- [DATASET EXTRACT]
========================

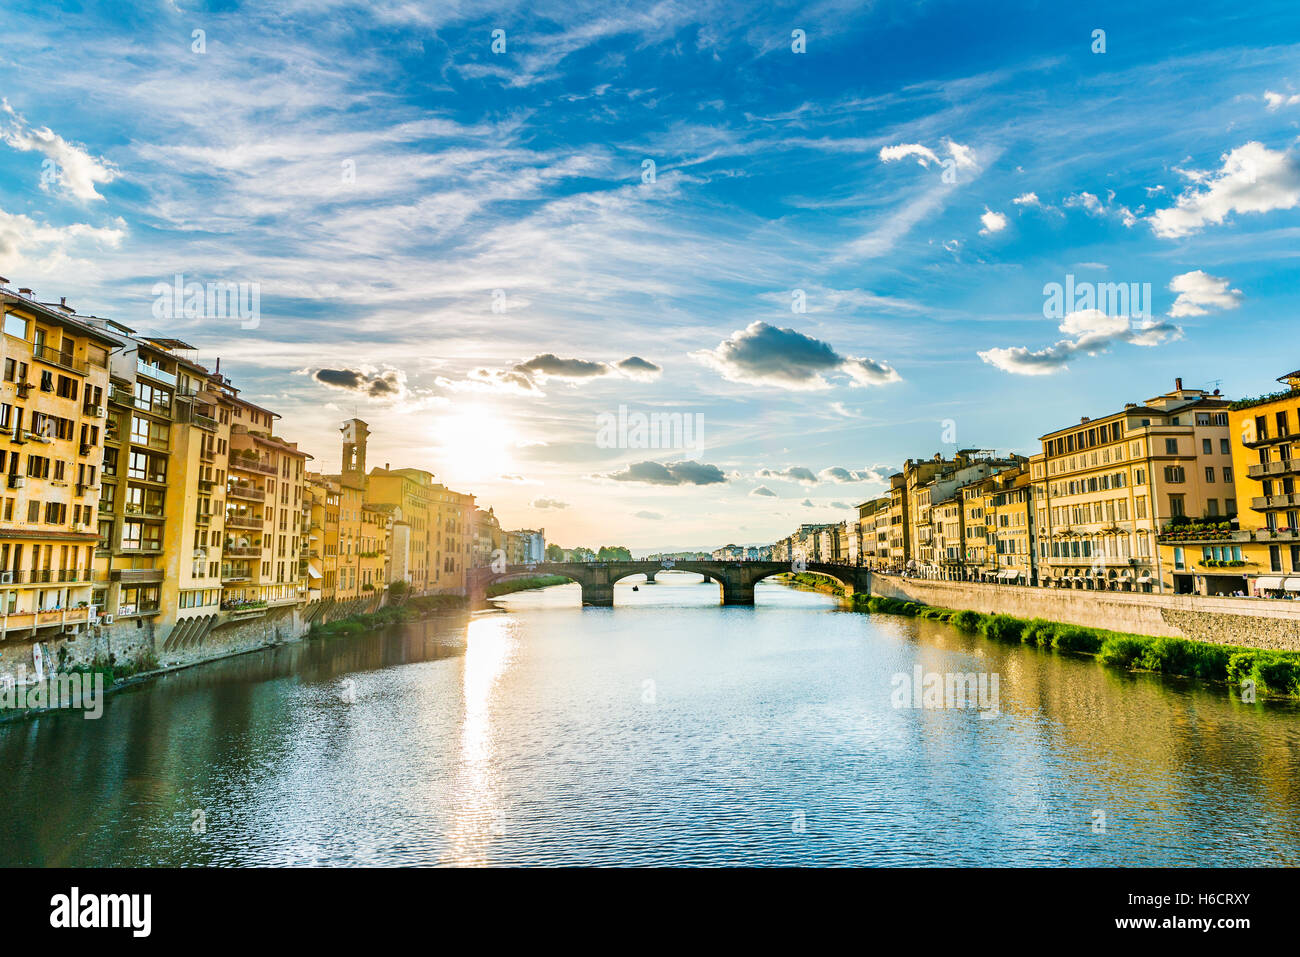 View of Ponte Santa Trinita bridge from Ponte Vecchio over Arno River, Florence, Tuscany, Italy - Stock Image
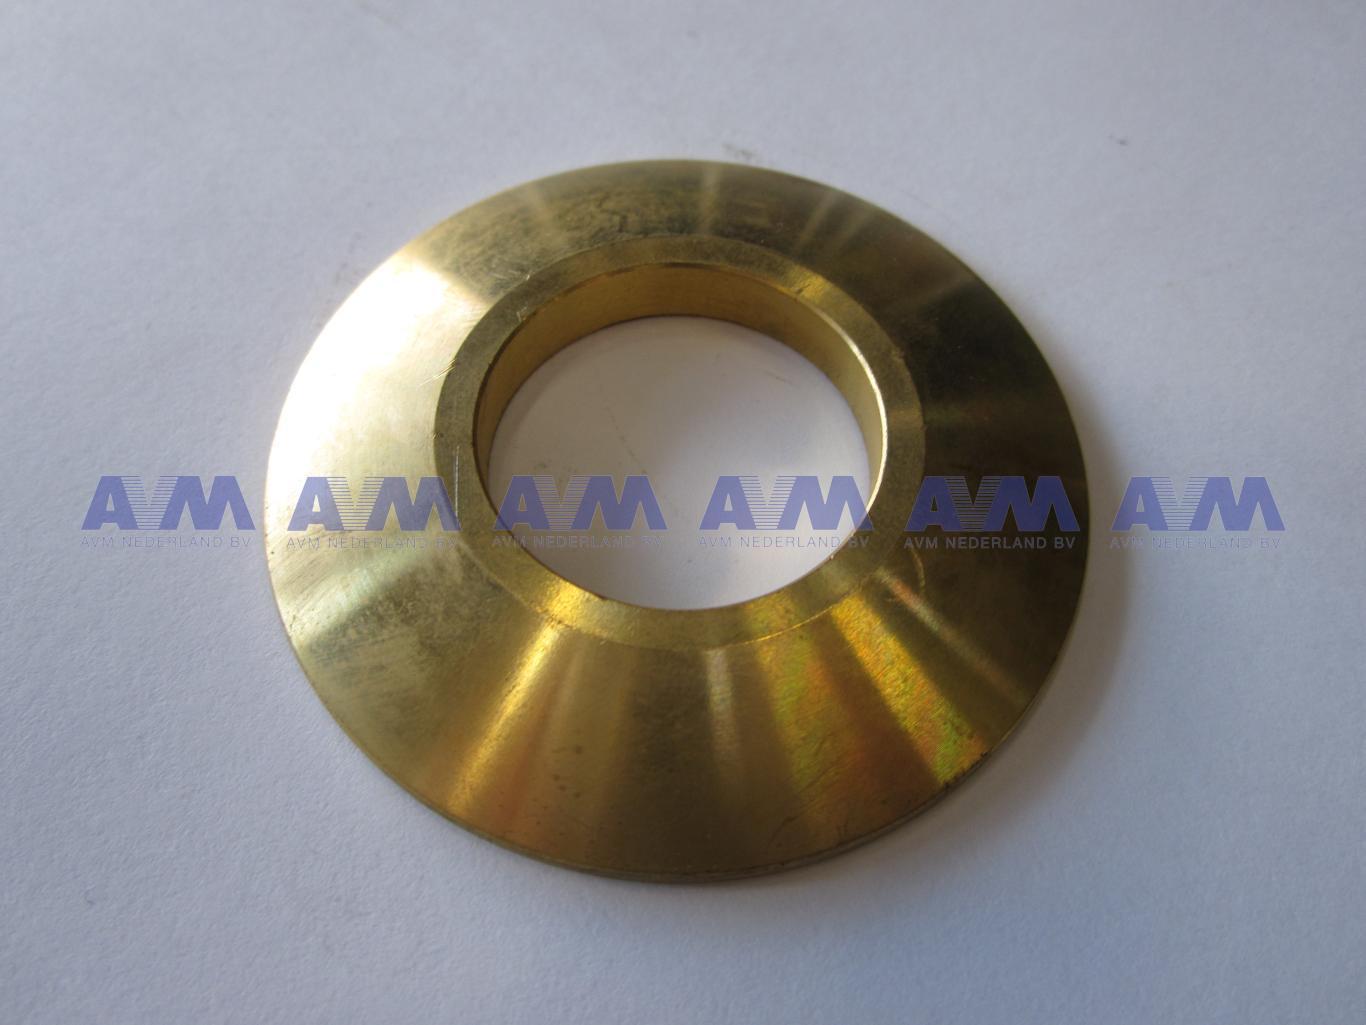 Schijf brons Q-52454-70 PPM
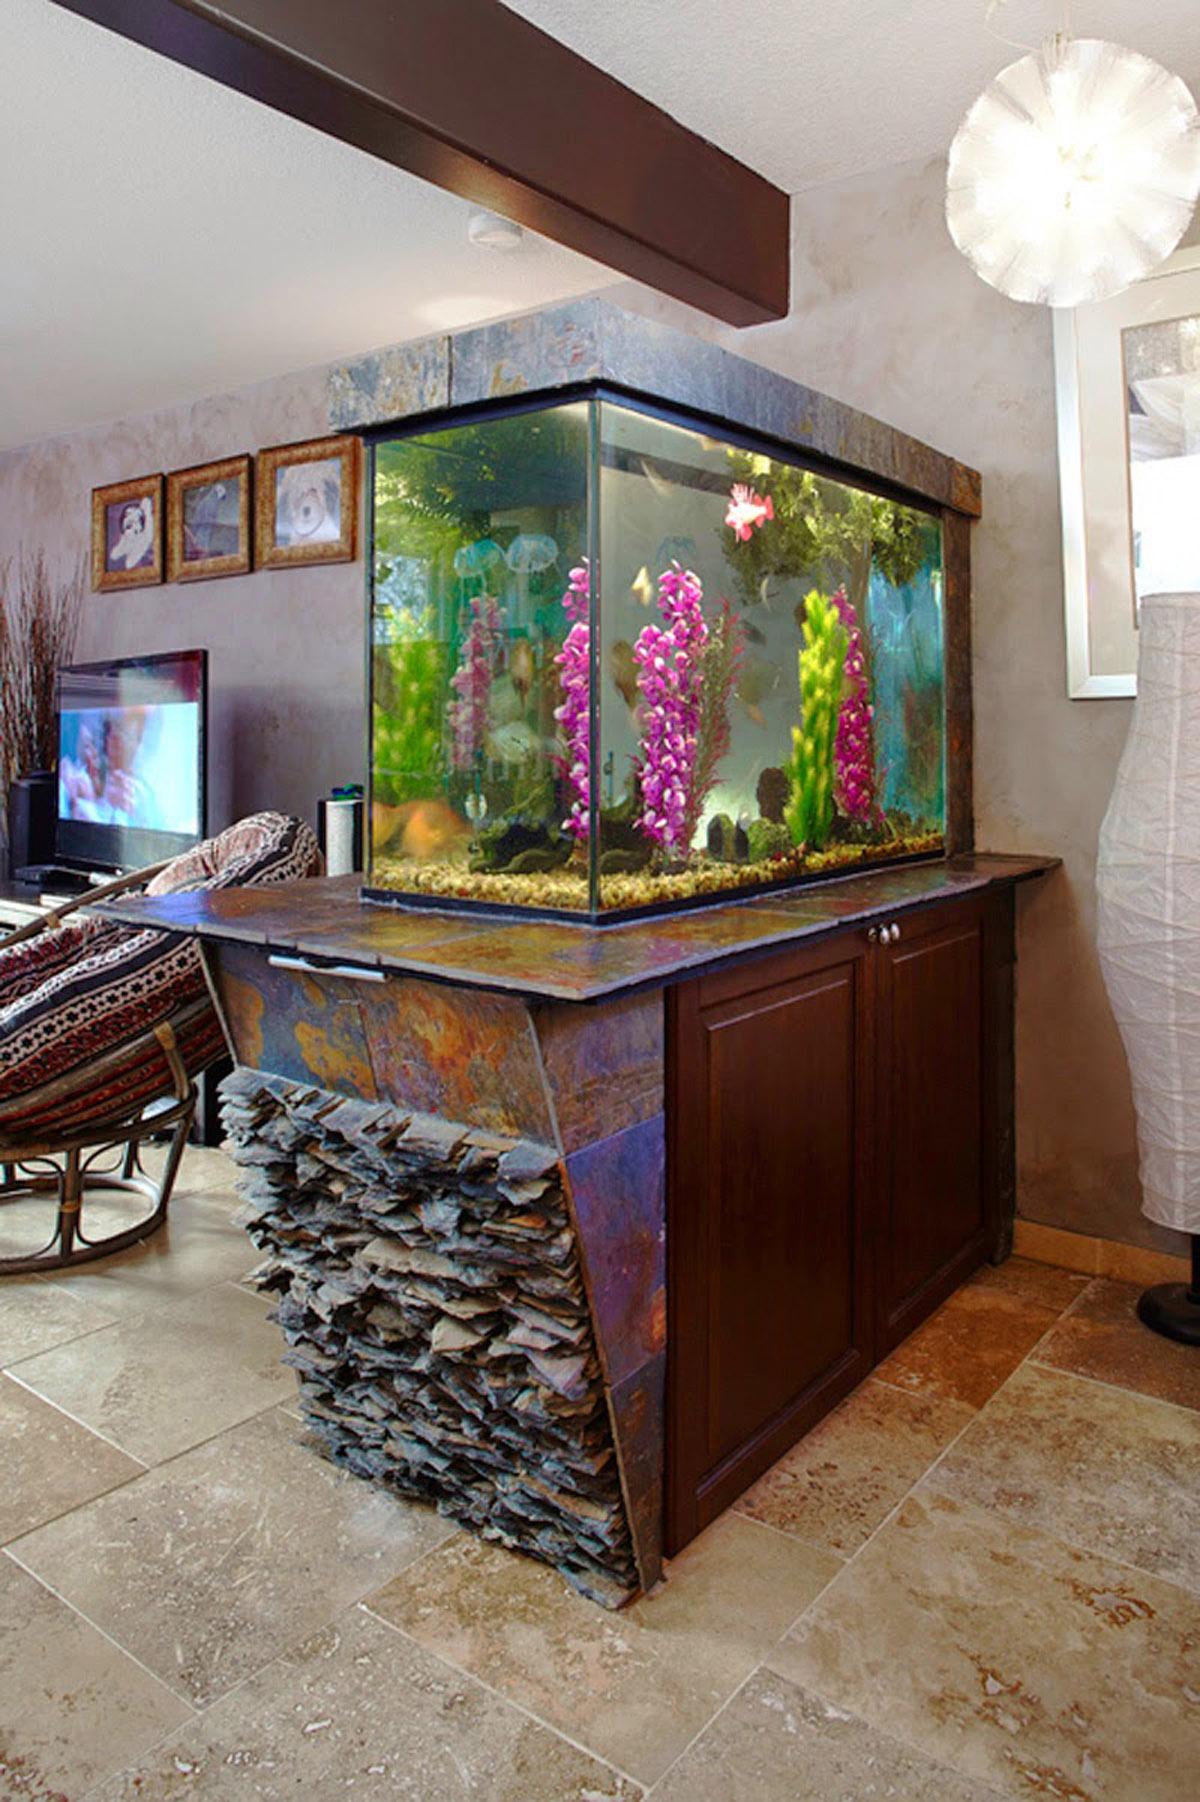 Images Tagged Basement Contractor Calgary 403 560 5186 Sales Wiring Development Custom Aquarium
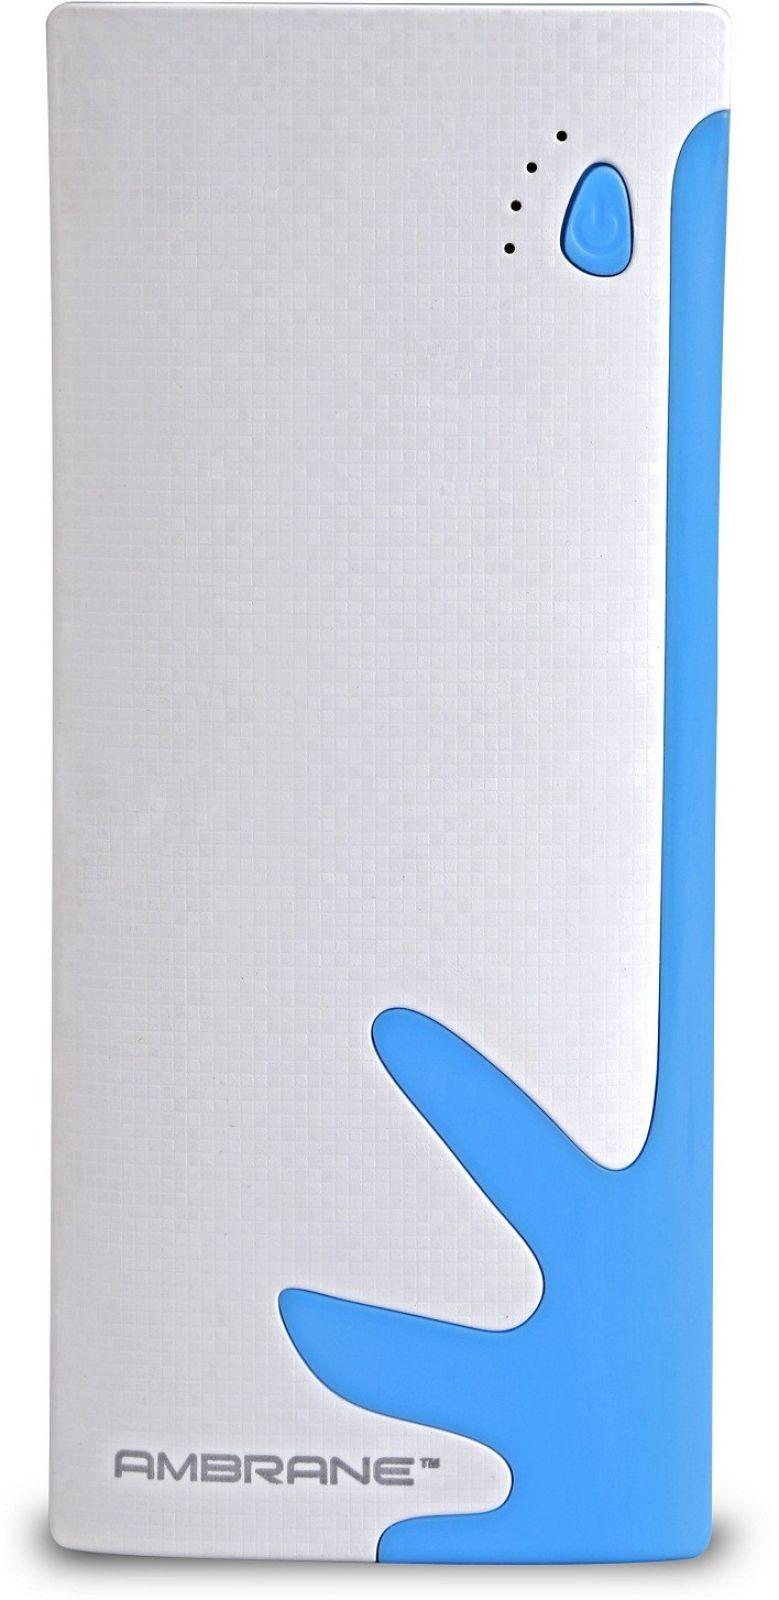 Ambrane 10000 mAh Power Bank (P-1122, NA)  (White, Blue, Lithium-ion)

========================

Return the material in full and unaltered, minus its pictures.

- [SOLUTION TO THE EXERCISE]
 View of Ponte Santa Trinita bridge from Ponte Vecchio over Arno River, Florence, Tuscany, Italy - Stock Image
 Schijf brons Q-52454-70 PPM
 Images Tagged Basement Contractor Calgary 403 560 5186 Sales Wiring Development Custom Aquarium
 Ambrane 10000 mAh Power Bank (P-1122, NA)  (White, Blue, Lithium-ion)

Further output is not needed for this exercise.